2.2. Data acquisition

Structural MRI volumes were acquired on 3-Tesla or 1.5 Tesla scanners according to the EpiBioS4Rx protocol outlined in Vespa et al. (2019). 3D T2-FLAIR volumes were acquired ~2 weeks post-injury (mean = 11.81, SD = 7.74). The following parameters were used: slice thickness = 1 mm, field of view = 256 mm, frequency = 256 Hz, flip angle = 90°/≥ 120°, TR > 5,000 ms, TE = 80–140 ms, TI = 2,000–2,500 ms, gap = 0 gap, isotropic = 1 mm, NEX ≥ 1, up to 2x parallel imaging.
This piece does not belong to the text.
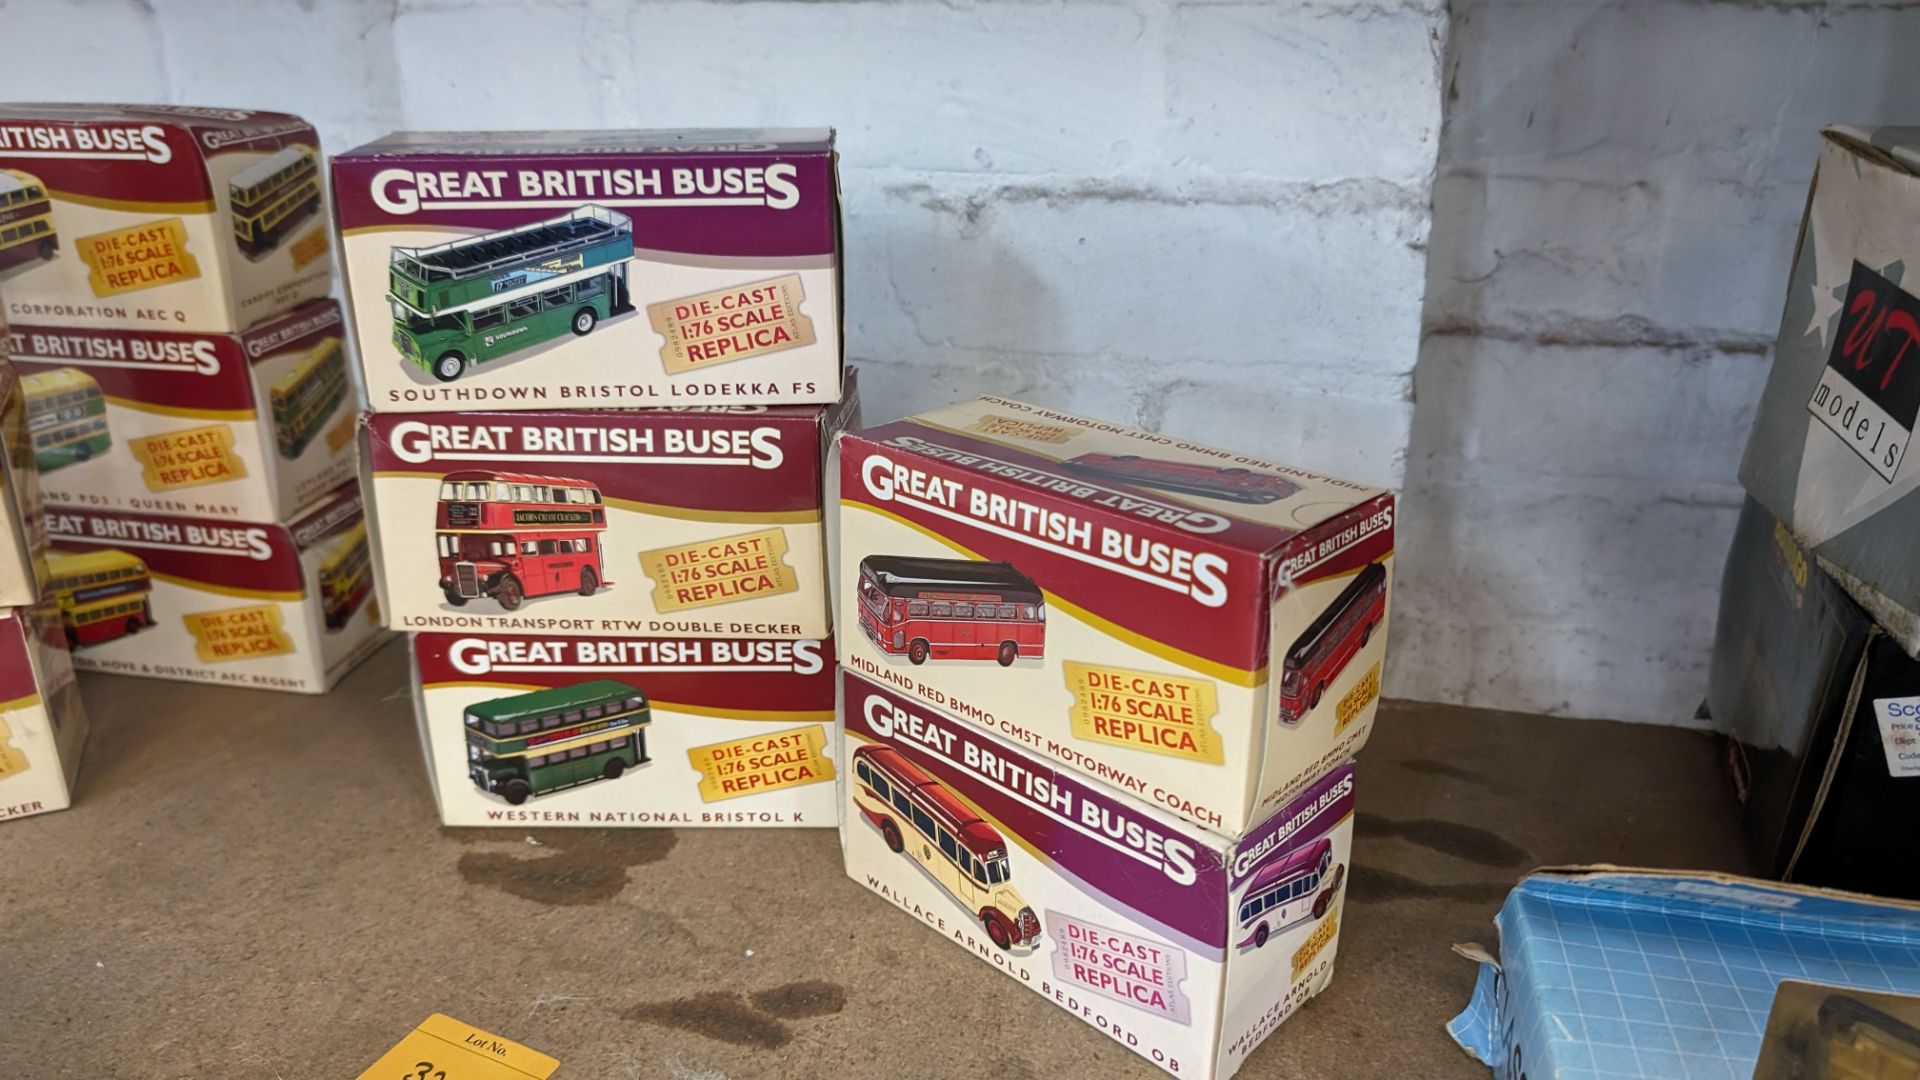 5 assorted Great British Buses die-cast replica buses, 1:76 scale - Image 8 of 9
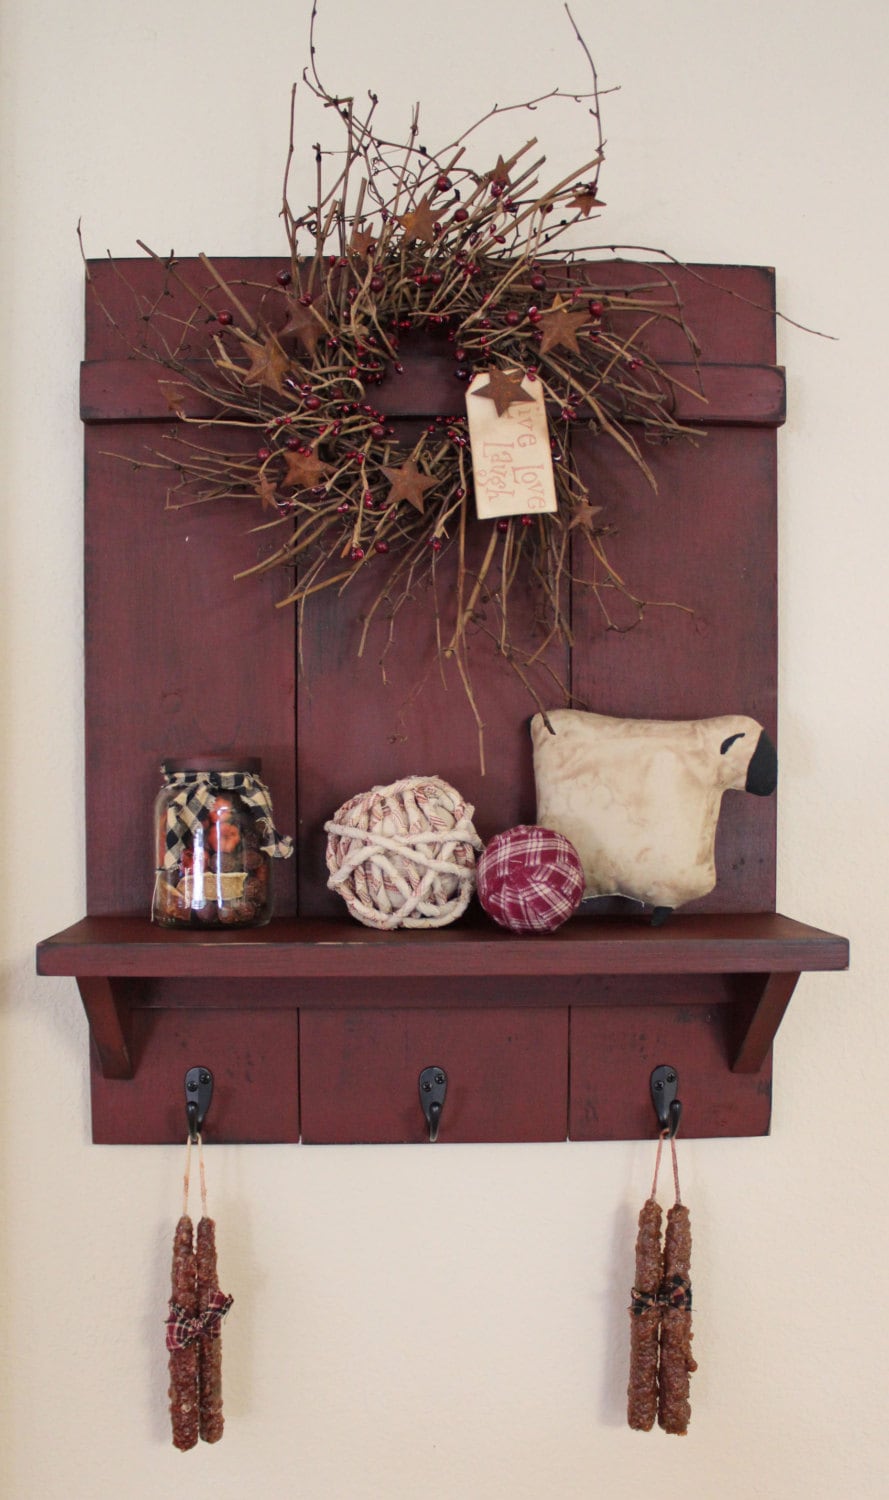 Handmade Primitive Country Distressed Wall Shelf with 3 Rubbed on What To Put On Decorative Wall Sconces Shelves id=62860

3D T1-weighted volumes were acquired using a magnetization prepared rapid acquisition gradient echo (MPRAGE) sequence. The following parameters were used: slice thickness = 1 mm, field of view = 256 mm, frequency = 256 Hz, flip angle = 8–15°, TR = 1,500–2,500 ms, TE = Min, TI = 1,100–1,500 ms, gap = 0 gap, isotropic = 1 mm, NEX ≥ 1, up to 2x parallel imaging.

3. Methods

3.1. Manual lesion segmentation using ITK-SNAP

Anonymized MRI scans were examined both through visual inspection and the Laboratory of Neuro Imaging (LONI) quality control (QC) system to ensure high quality data were being used (Kim et al., 2019). After QC, T2-FLAIR volumes were uploaded into ITK-SNAP, a software used for medical image segmentation (Yushkevich et al., 2006). Image heterogeneity and noise can sometimes render it difficult to visualize contusions. In these cases, T1-MPRAGE sequences were uploaded as an additional reference image.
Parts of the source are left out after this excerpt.